The larger question, though, is what vanquishing Hamas would look like. Certainly, it would involve the death of the murderous leader, Yahya Sinwar, and his top ranks — with or without trial. But would it also involve thousands of fighters parading out of tunnels with white flags, renouncing the group they dedicated their lives to? Would that really happen, given their passion for martyrdom?
We may lack adequate models here. For Hamas to be defeated, its soldiers must be permanently disarmed or killed, but more that than, its ideals must be shattered. Gazans and Palestinians in general would have to renounce its aims and methods, much as Germans did with Nazism after World War II.

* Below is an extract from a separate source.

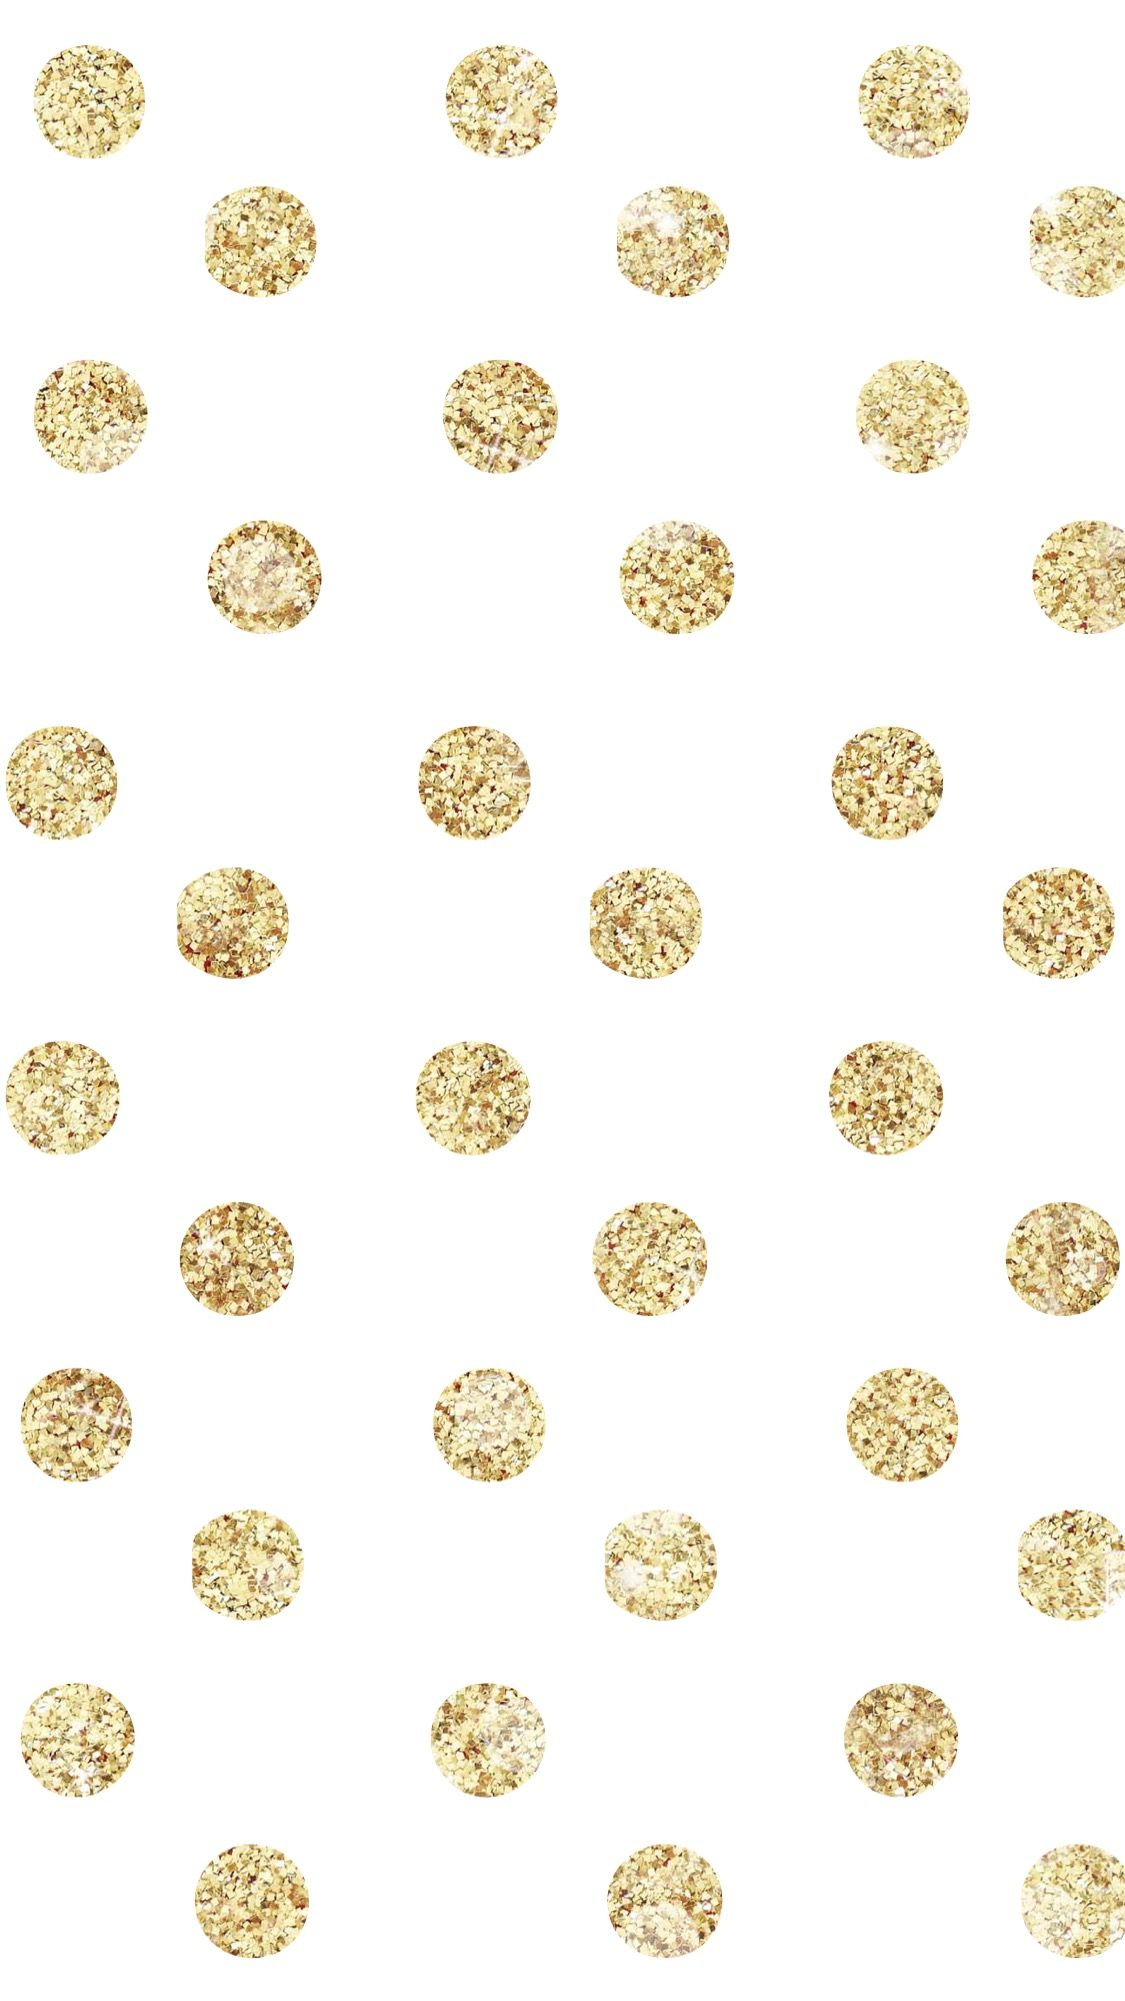 1125x2001 Glitter dots | Polka dots wallpaper, Glitter phone wallpaper, Iphone wallpaper

As many as 8.8 million Germans died in that war, including perhaps 3.27 million civilians, in a total population of 80 million. The population was subsequently impoverished, the German economy crushed. Will proportionately similar numbers of Gazans have to die for Hamas’s philosophy to be eradicated?
It seems like a monstrous idea. Some 2.3 million people live in Gaza, and 10% of them equals 230,000 people, men, women and children. Must that ghastly number be reached? As decent human beings, we must hope not.

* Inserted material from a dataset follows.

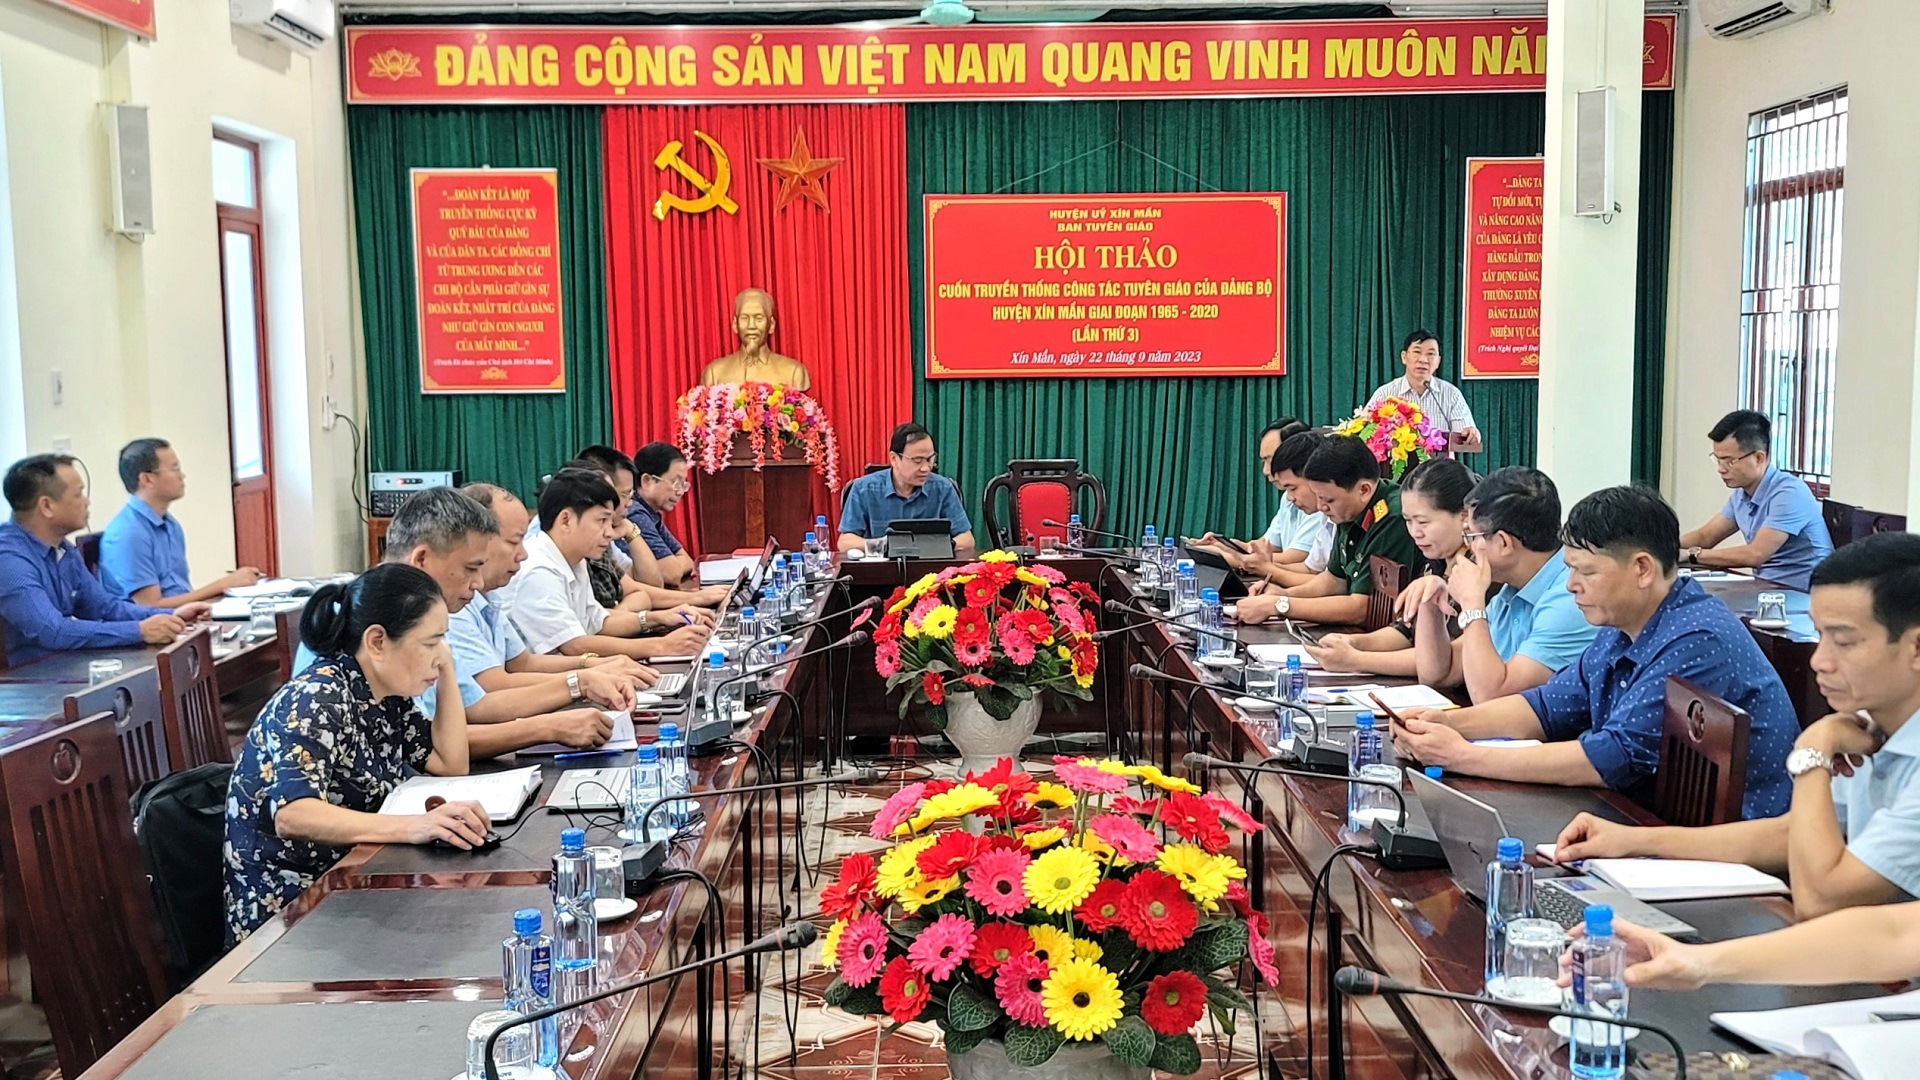 Hội thảo Cuốn truyền thống công tác Tuyên giáo của Đảng bộ huyện Xín Mần giai đoạn 1965-2020

And would it really change hearts and minds, much as German attitudes changed after the war? Would the economic rebuilding envisioned by the U.S. plan, in conjunction with Gaza’s Arab neighbors, give people hope, much as the Marshall Plan famously did for Germans? Can we root out the pernicious ideals that people like Farhat espoused, and how can we do so?
Tragically for the Palestinian people, thousands have died already in Gaza. They are also victims of Hamas. How long will it take for those who survive to realize that, even if the weapons that wreaked those horrors were Israeli? How many more must die for the survivors to put the blame where it belongs? Will we see the day when Palestinians disgusted by Hamas lead Israeli soldiers to the group’s redoubts, turning them in in hopes of achieving peace?

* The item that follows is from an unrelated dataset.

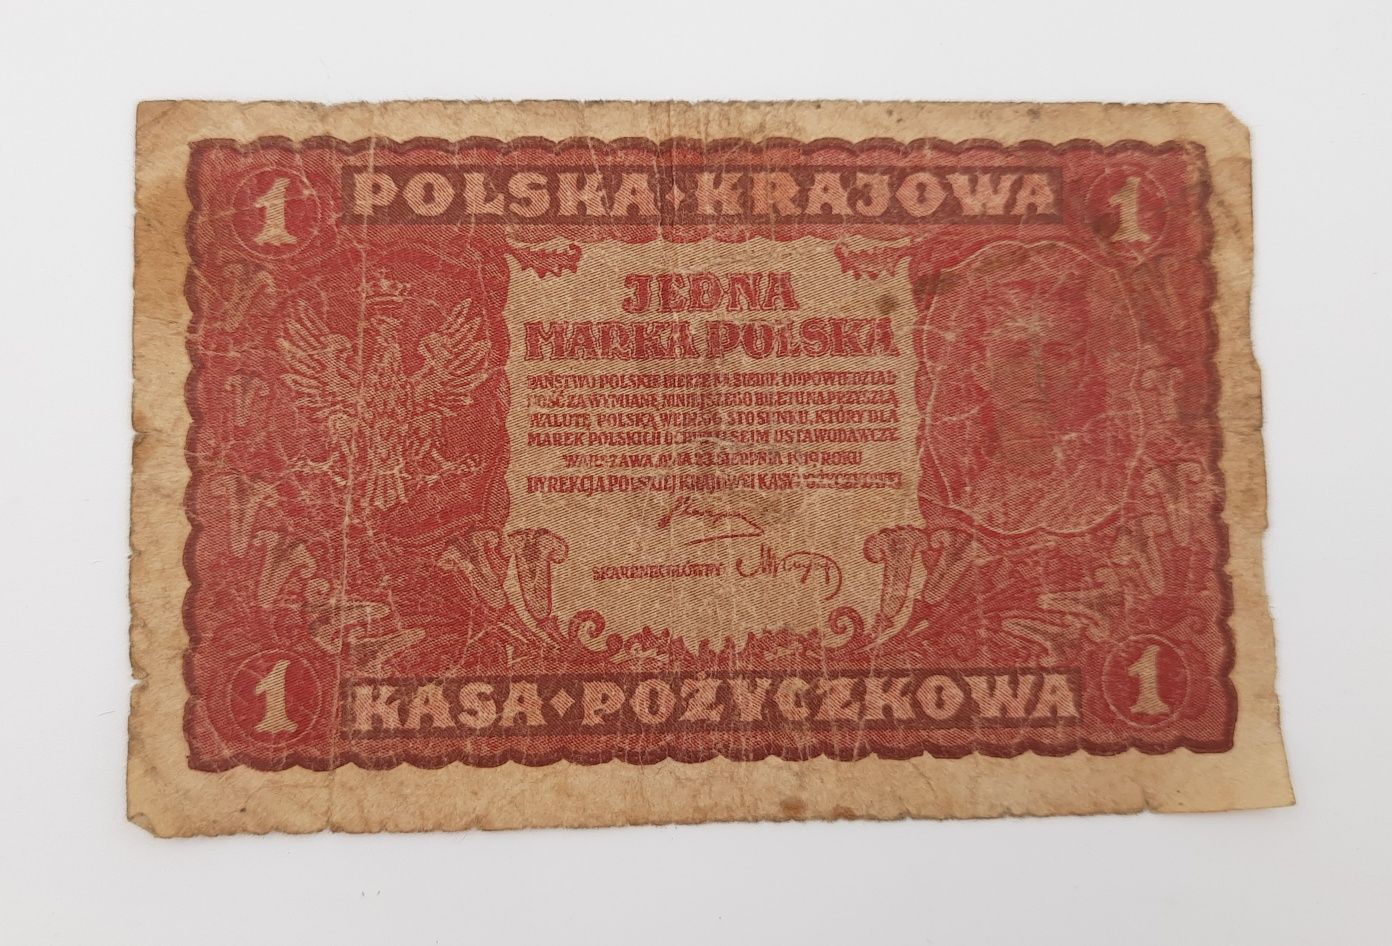 Stary Banknot kolekcjonerski 1 marka Polska 1919

There are straws in the wind that suggest progress. A Palestinian on the West Bank, for instance, wrote a letter published by The Free Press.
“ For me, all lives are sacred,” he wrote. “I cried for Hersh and the other hostages just as deeply as I do for innocent Palestinians whose lives have been destroyed by this war. That some people react to the deaths of hostages with celebration or satisfaction is simply beyond my comprehension. It’s something I can’t digest or accept. But I also know how it happens: Kids here are taught from an early age to hate Israelis, to view them as enemies, as occupiers who shouldn’t be anywhere in this land. They live their entire lives with this hate and do not know anything else. I was lucky to have experiences in my life with Jews and Israelis that gave me a radically different understanding.
“I can’t speak for my people any more than a single Israeli can speak for all of you, but still I feel compelled to say: I’m sorry. Please accept my sincere apologies. I regret that we have failed you. I regret that my people have failed you. I may be just one voice but it’s important for me to say as a Palestinian, I mourn with you and stand by your side.”
Soon, the Jewish holidays will be upon us. People will pray for peace. For my part, I will pray for the destruction of Hamas, Islamic Jihad and their ilk, as well as for peace. Can one have the latter without the former? The morally repulsive killings of the six hostages — and so many others — argues for nothing less.